Description of the task: Omit the images and output every line of the data below exactly.

Material provided:
####
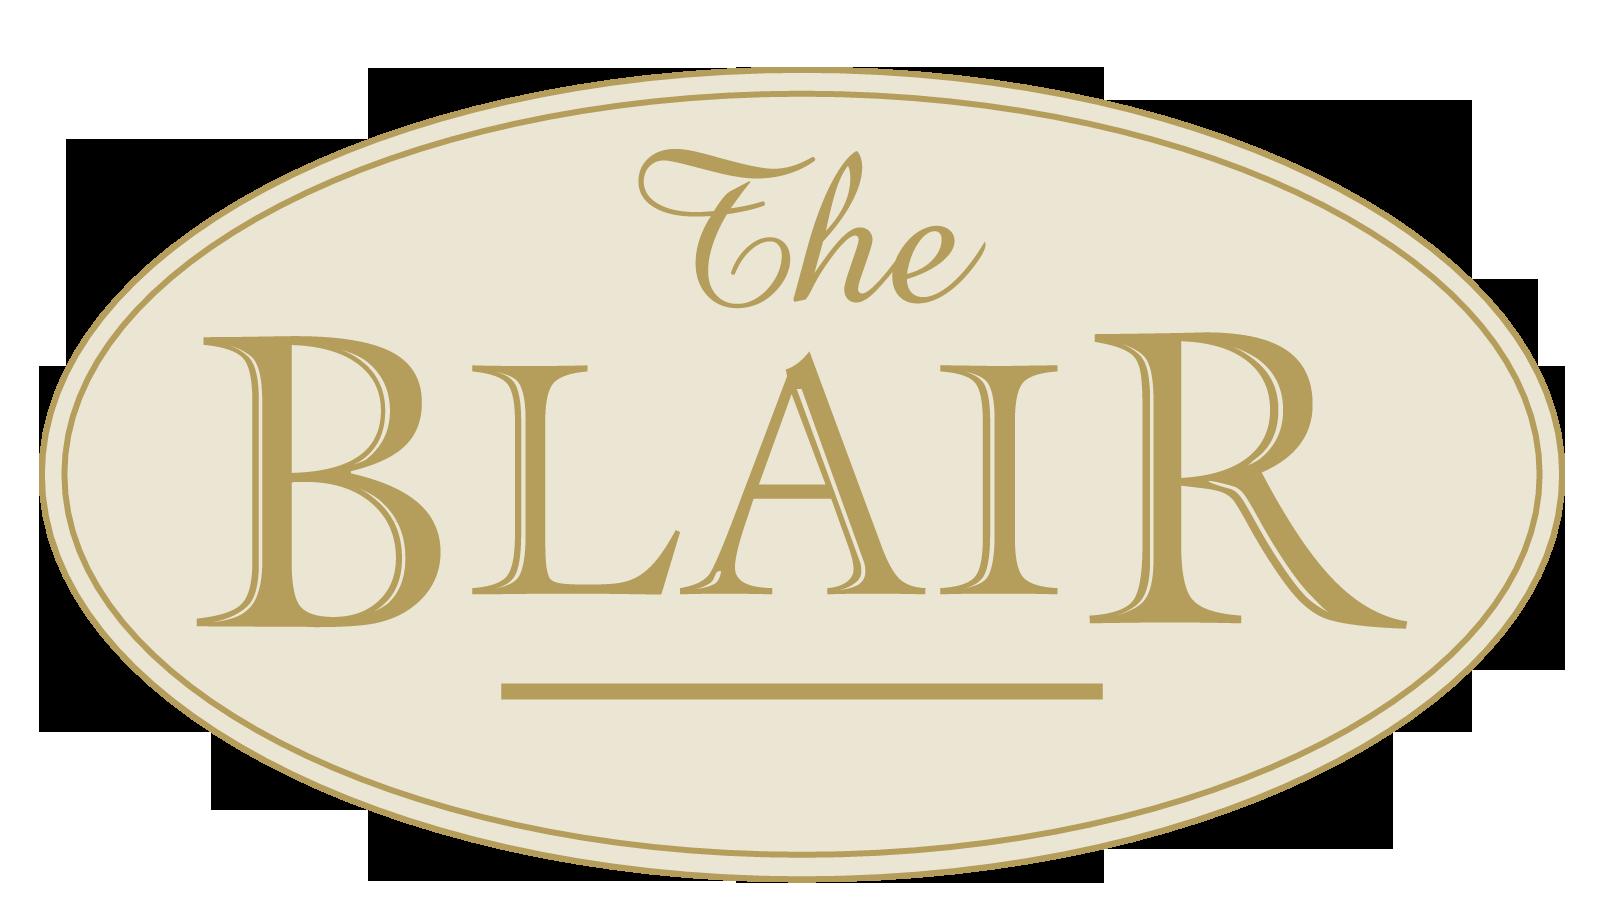 The Blair
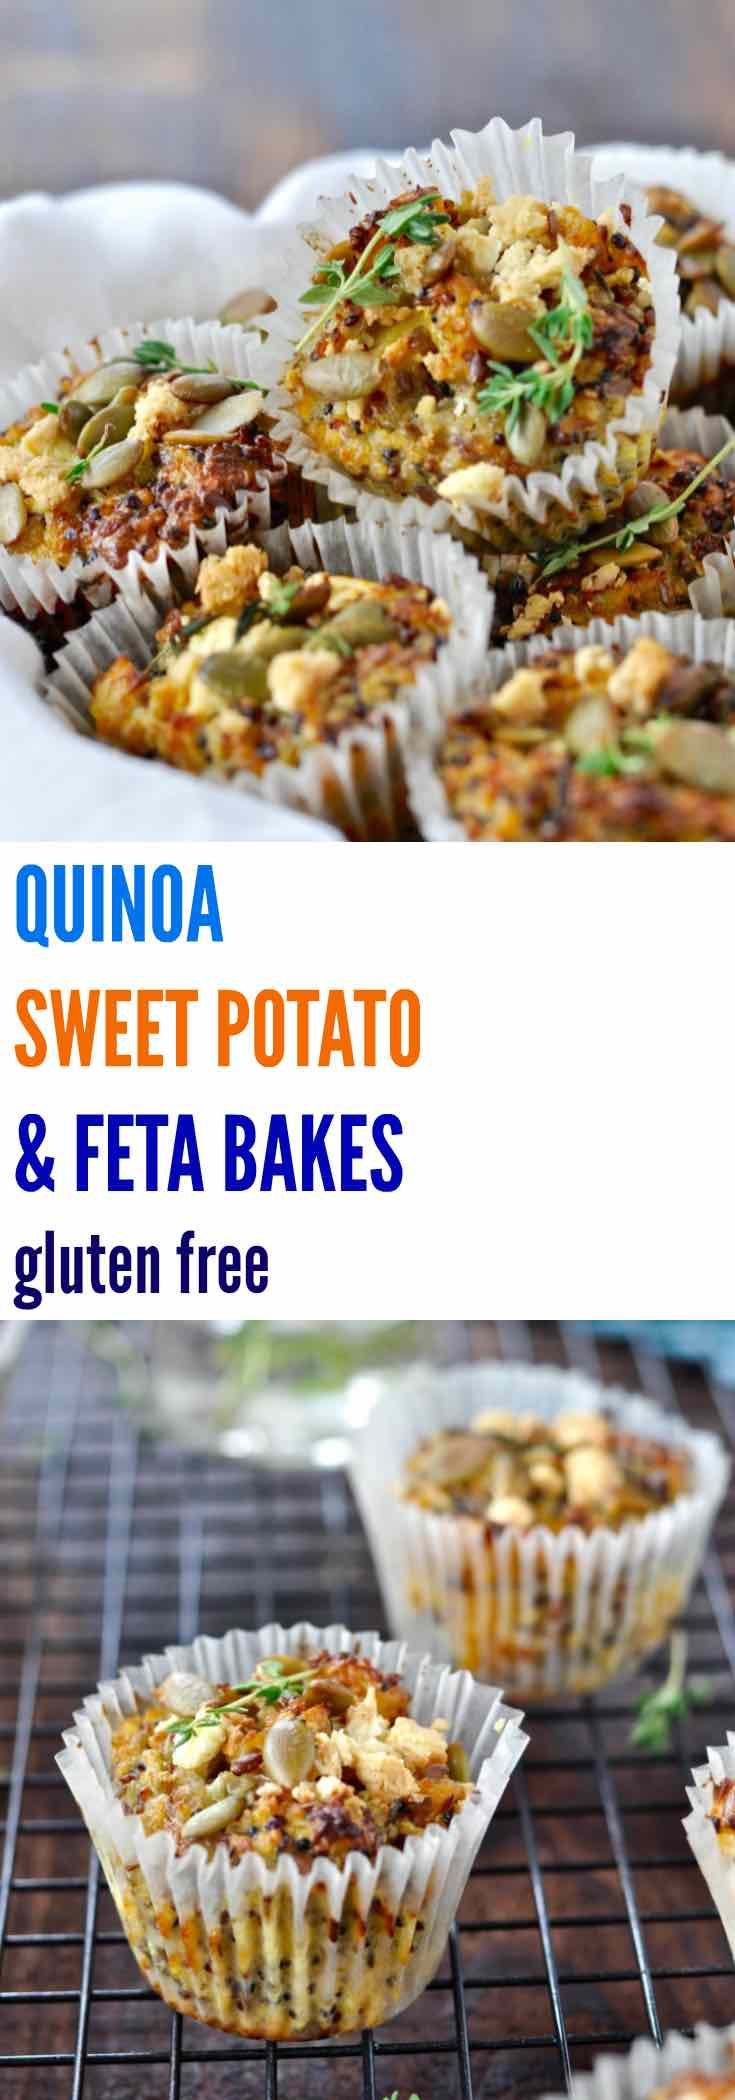 These healthy QUINOA, SWEET POTATO & FETA BAKES are gluten free and freeze…
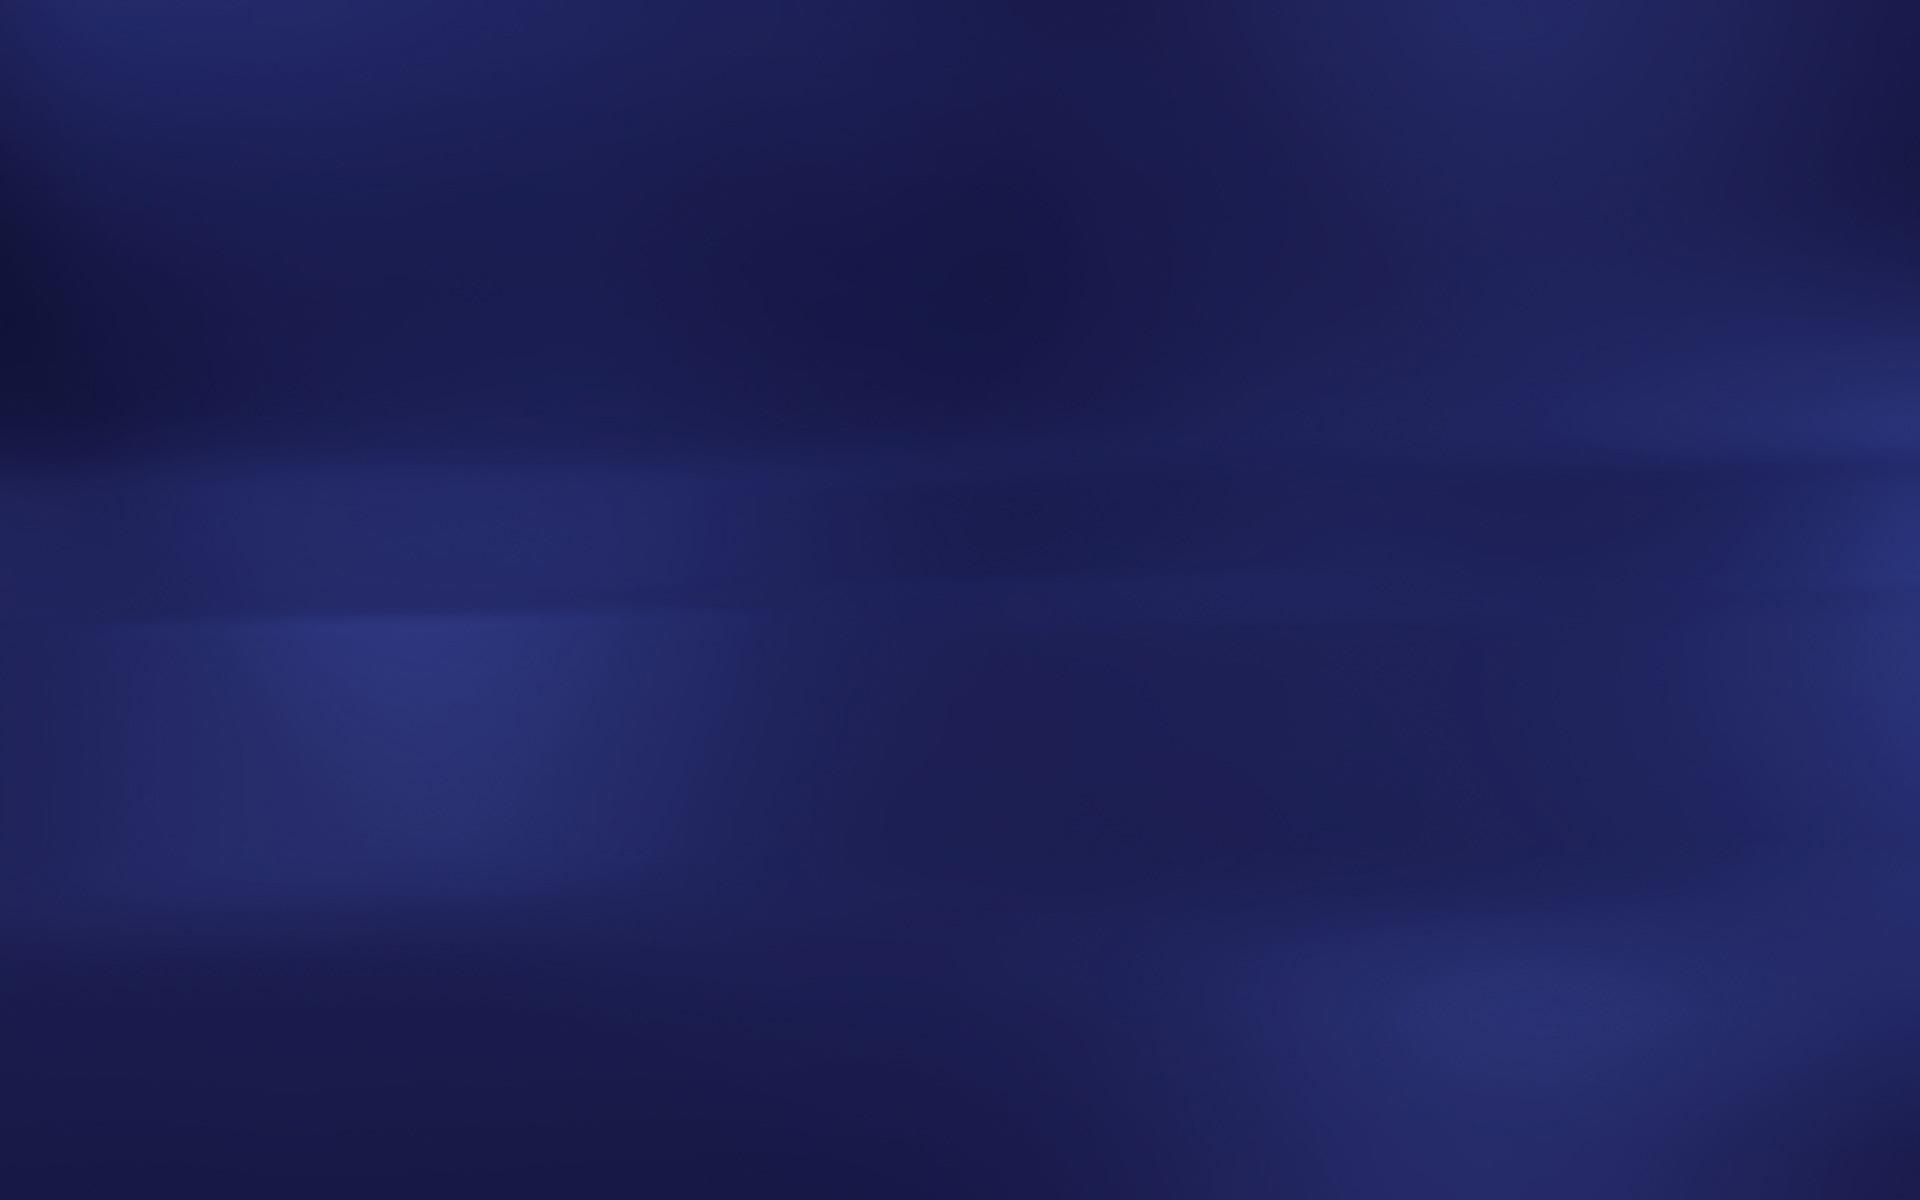 Deep Blue Background   1436723 1920x1200
####
Written answer:
 The Blair
 These healthy QUINOA, SWEET POTATO & FETA BAKES are gluten free and freeze…
 Deep Blue Background   1436723 1920x1200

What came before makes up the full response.